IN HIS 1991 confirmation hearings, C-SPAN noted on Friday, former attorney general William P. Barr declared that “nothing could be more destructive of our system of government, of the rule of law, or Department of Justice as an institution, than any toleration of political interference with the enforcement of the law.” Now that President Trump has nominated Mr. Barr to return to the Justice Department’s helm, the Senate and public must ask whether he will live by those words almost three decades later.
Mr. Barr’s nomination comes as a relief. Rather than tapping a confirmed Trump sycophant such as former New York mayor Rudolph W. Giuliani (R), the president picked a Justice Department veteran of undoubted legal professionalism.
Yet given Mr. Trump’s degradation of the executive branch; his past statements indicating he expects the attorney general to protect him personally; and the fact that federal prosecutors on Friday connected the president to a felony campaign finance violation by his former personal lawyer, special scrutiny of Mr. Barr’s commitment to Justice Department independence is essential.
Under President George H.W. Bush, Mr. Barr operated with admirable autonomy. In 2001, he revealed that he had insisted on naming his own deputy attorney general rather than allow the White House to install someone based on political considerations. He noted that his Justice Department defended laws in court whether or not he thought they were proper (in contrast to the Trump administration’s refusal to defend the Affordable Care Act). Mr. Barr oversaw federal charges against the officers involved in the Rodney King beating, and he has boasted of the warm relations he maintained with members of both parties in Congress.
On the other hand, though he appointed an independent counsel during his time at the Justice Department, he has been a fierce critic of such special investigators. Senators should probe how involved he was in undercutting an independent counsel investigation into the Reagan-era Iran-contra scandal. His views do not prove he would improperly meddle with special counsel Robert S. Mueller III’s Russia investigation, but senators should explore them.
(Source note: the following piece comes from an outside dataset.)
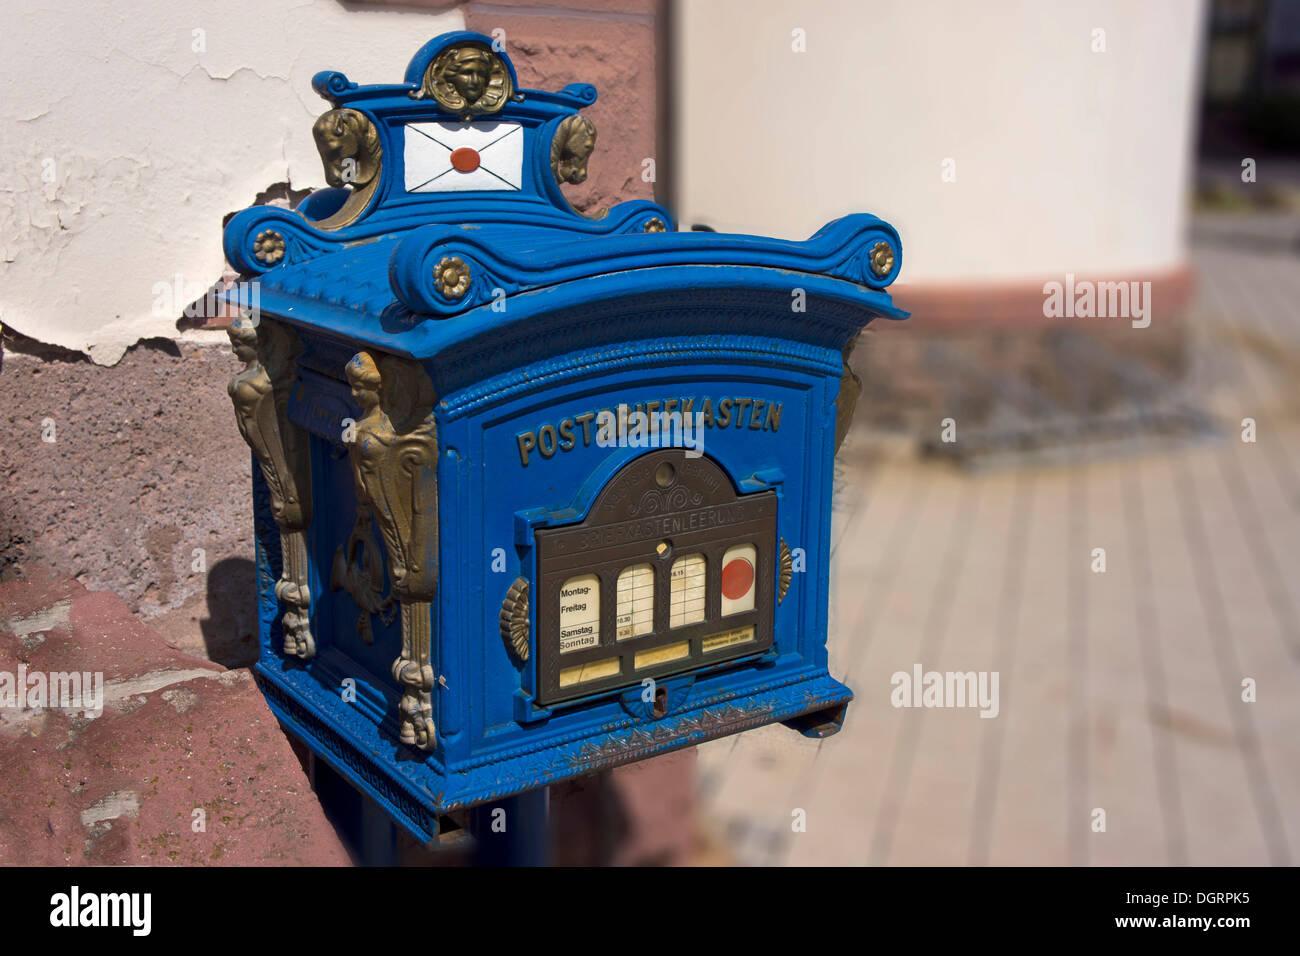 Historic postbox, Bad Liebenstein, Bad Liebenstein, Thuringia, Germany - Stock Image
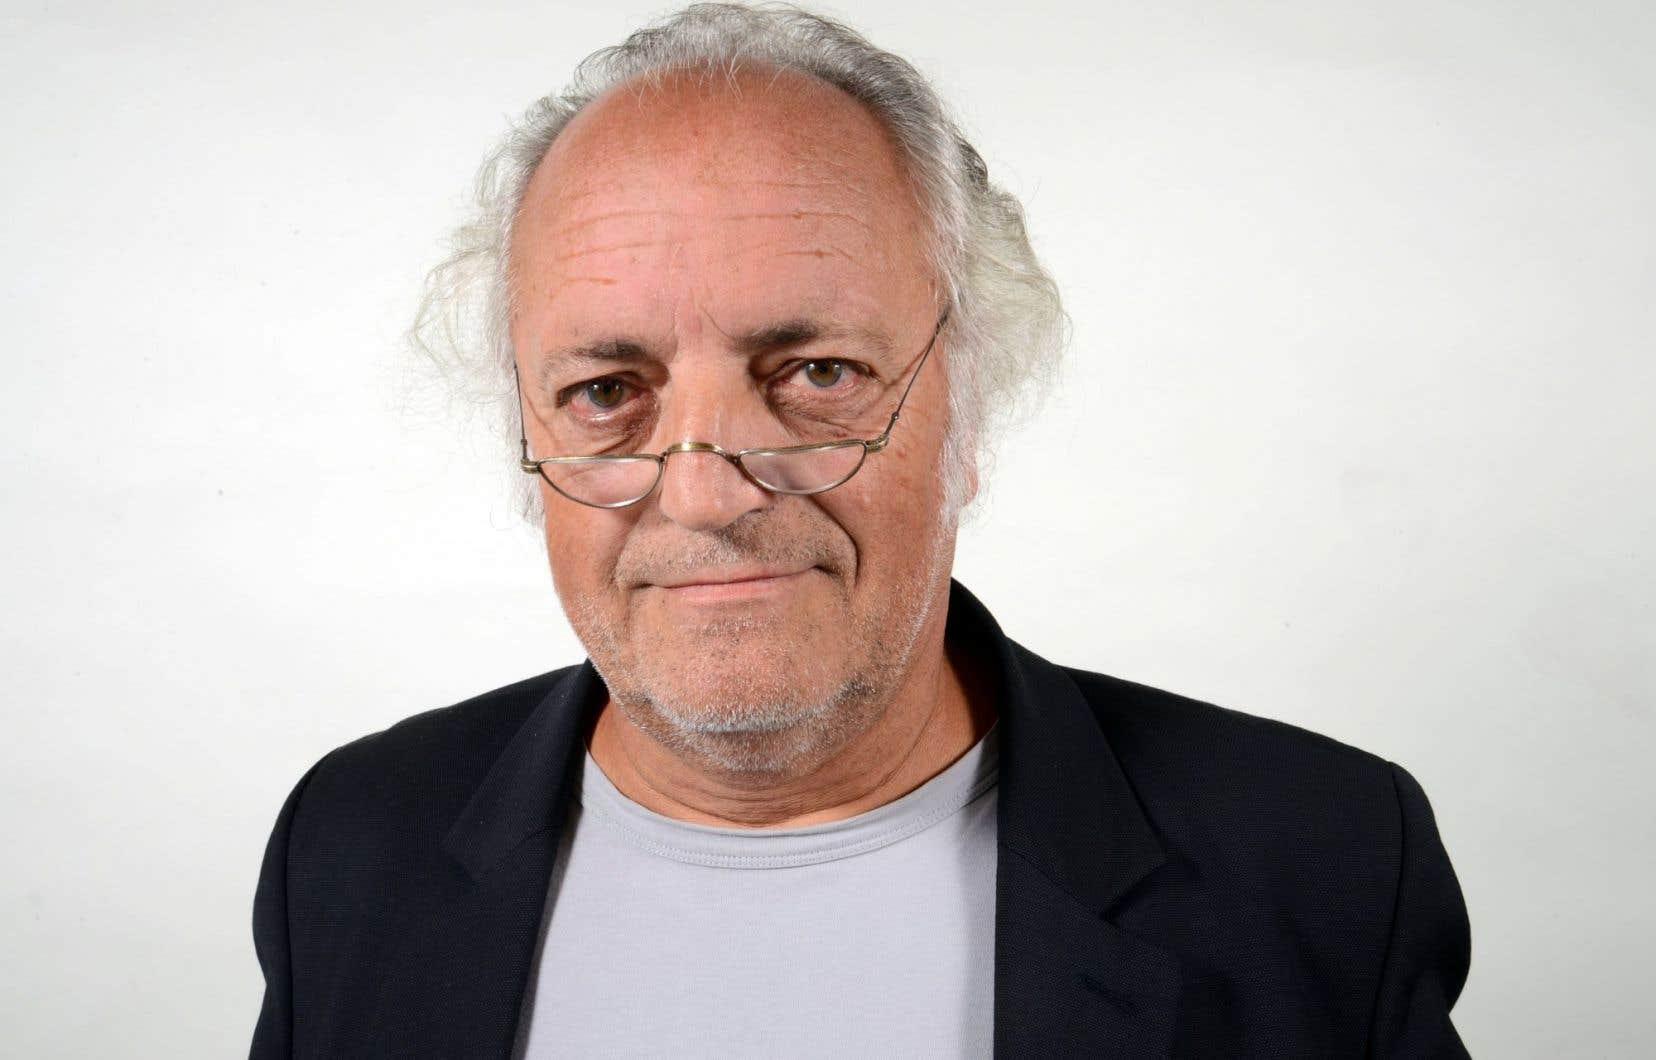 La France semble avoir envie de capituler devant ce que le poète et essayiste Alain Borer appelle l'«anglobal», c'est-à-dire «l'anglo-américain qui se mondialise».

They should also insist that he reveal what Mr. Trump asked him before nominating him. In 1991, Mr. Barr told senators that the “only charge” Mr. Bush gave him “was to have a Department of Justice that was run with professionalism and integrity.” What charge did Mr. Trump give him? And does he still believe that repeatedly debunked Hillary Clinton “scandals” deserve more Justice Department scrutiny than questions about Trump campaign collusion with Russia?
Senators also should not lose sight of the fact that Mr. Barr would run a sprawling department overseeing important federal policy. What would be his priorities in enforcing federal voting rights law? How would he approach immigration issues? Would he impose the outmoded get-tough-on-crime ethos of the 1990s Justice Department? Would he, like recently fired attorney general Jeff Sessions, take pressure off police departments to reform?
Mr. Barr said in 1991 that he wanted his legacy to be that “I upheld the law and that I left the Department of Justice a more effective, stronger and a better institution.” If that is once again his aim, his nomination is welcome.